What’s Next For Speedometer

I have some thoughts about what’s next for the Speedometer benchmark, after the Speedometer 3 launch a few months back.

First: I’m proud of the role Mozilla played on Speedometer 3. We made significant contributions to the benchmark itself as well as to the structure of the group, enabling it to work towards consensus on many difficult decisions with principles aimed at getting the incentives right, such that competing on score would make real-world pages more responsive. With buy-in from each major engine, browsing is now a bit more pleasant for everyone regardless of their browser choice. This is a practical example of the strength of the Web as an open platform with multiple competitive implementations.

In parallel to developing the benchmark itself, there’s a much larger engineering effort still ongoing within Gecko — fixing nearly 500 bugs and counting, with dozens of engineers sweating the details to make typical web pages in Firefox Desktop and Android more responsive for users.

Incremental improvements for the next version

I don’t think we should change the underlying goals for the project, and largely want to build on the recent success. But we could make the benchmark better reflect the real-world Web and continue pushing forward engine performance by making some changes. Here’s what I’d like to see.

Faster releases

The longer the benchmark stands still, the worse it becomes at making the web faster for users. It needs to evolve over time, because:

  • The ecosystem changes, which makes the current set of tests less representative.
  • Engines run out of low hanging fruit, and end up needing to get juice out of changes tuned to quirks of tests or the benchmark methodology, which are less generally applicable to the web.

While there’s no release date set for Speedometer 4, it should be significantly shorter than the 6 years between versions 2 and 3.

More tests

Speedometer 2 had 15 tests, and Speedometer 3 has 20. More importantly, they test a much more diverse set of content than before — the posts on the Chromium Blog and the MS Edge blog do a good job outlining this in more detail.

Speedometer 4 should have a bunch more, and they should be as distinct from each other as possible to cast a wide net for engine improvements. Practically speaking, at this stage it would be best to have a near zero friction process for engines and open source contributors to create and share experimental tests, even if they’ll never be suitable for inclusion in an official release. That’ll help iterate on ideas and tests to include, and provide internal targets for engines who want to find optimizations outside of what’s measured in the official score.

For example, an engine could turn test cases in bug reports into Speedometer tests, which they could then run in their own CI as a regression test, and which may be useful for other engines to optimize. A mechanism for sharing these unofficial test cases - similar to Web Platform Tests - could facilitate a broader ecosystem of Speedometer tools and tests, in parallel with an official release cadence.

Asynchronous measurements

The core measurement loop in Speedometer 3 does a better job at capturing layout and paint than previous versions (see more detail on the WebKit blog), but the actual work being measured still has to be synchronous. This makes it impossible to measure functionality that relies on Promises or asynchronous events which are very common online. For example, when I researched text editing it was clear that it’d be good to add a test for the popular Monaco editor, but we were unable to do so because it had some initialization happen in Workers that we couldn’t deterministically pull into measured time.

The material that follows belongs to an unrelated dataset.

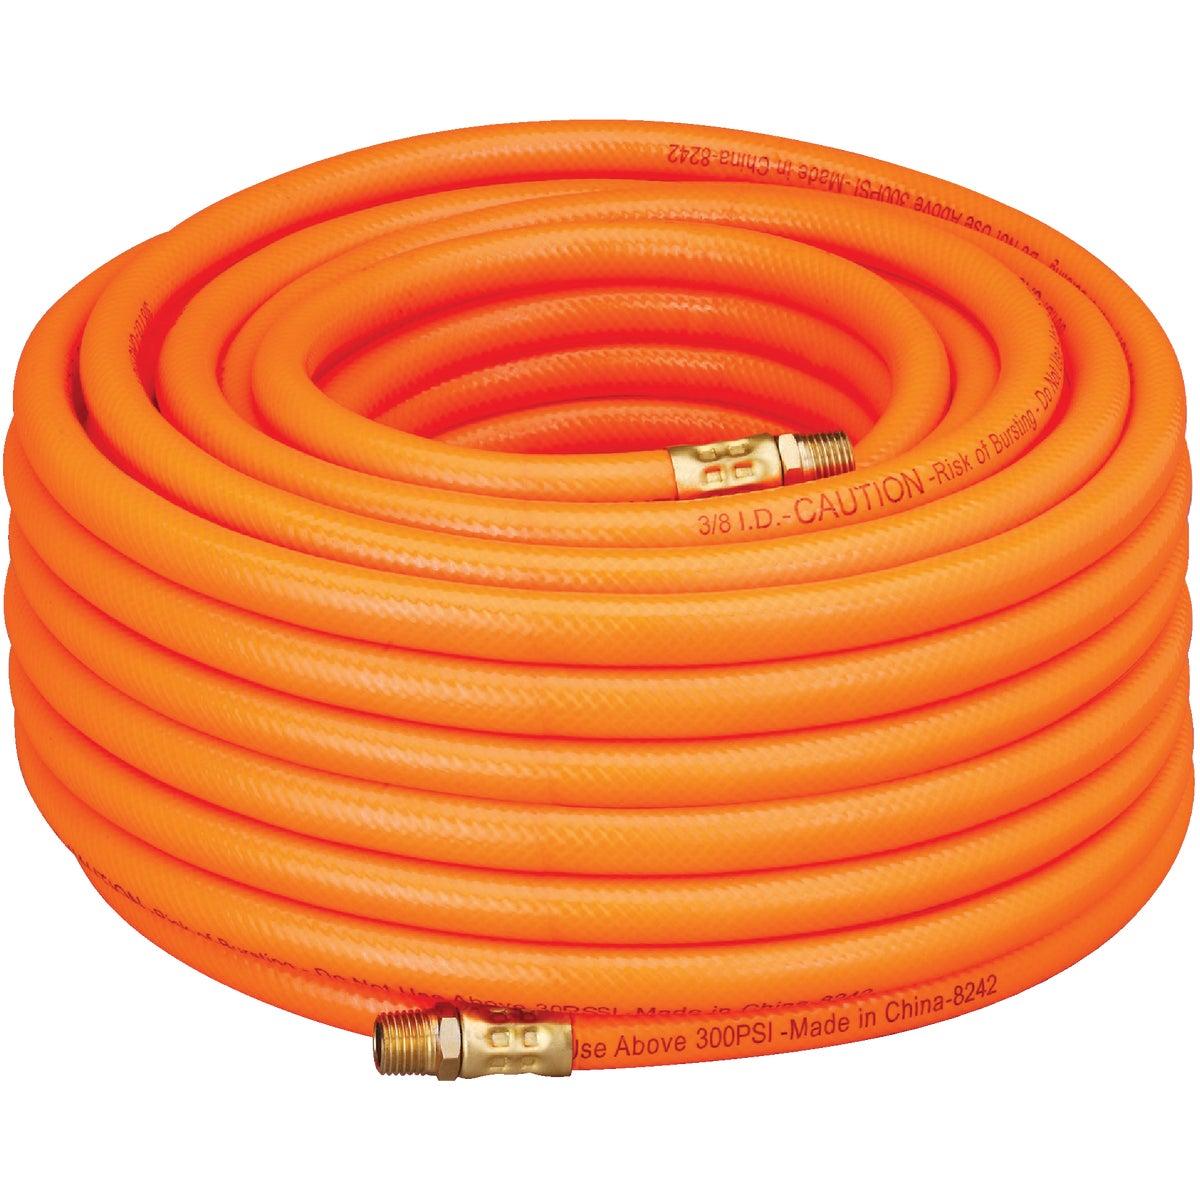 Amflo PVC Air Hose

Making the measurement loop asynchronous will open up all sorts of technical questions, like the effects of CPU throttling that we’ll need to carefully evaluate. But we can add the ability to the core runner as a developerMode feature without affecting current tests. Combined with a low friction development process for experiments we can build out a set of tests that use it to inform the evaluation.

Test against remote content

All tests are currently embedded in the main repo and hosted in iframes on the same domain: with the test logic itself being defined in the parent frame and accessing elements in child frames.

However, since engines with site isolation separate subframes from different domains into different processes, there are all sorts of real-world performance considerations that are not exercised today. While we may not ever ship cross-origin hosting to browserbench.org, we’d like the ability to test this ourselves in a variety of configurations (e.g., separate origin per test) in order to optimize Gecko.

There are technical details to figure out with the runner design here — the Chrome team has a promising suggestion which pushes the test logic into each individual test that’s worth exploring further. A design like this would also make it easier to include additional metrics like networking and page load — which aren’t feasible to include in official scores due to variability, but would be extremely useful signals for measurement in Firefox.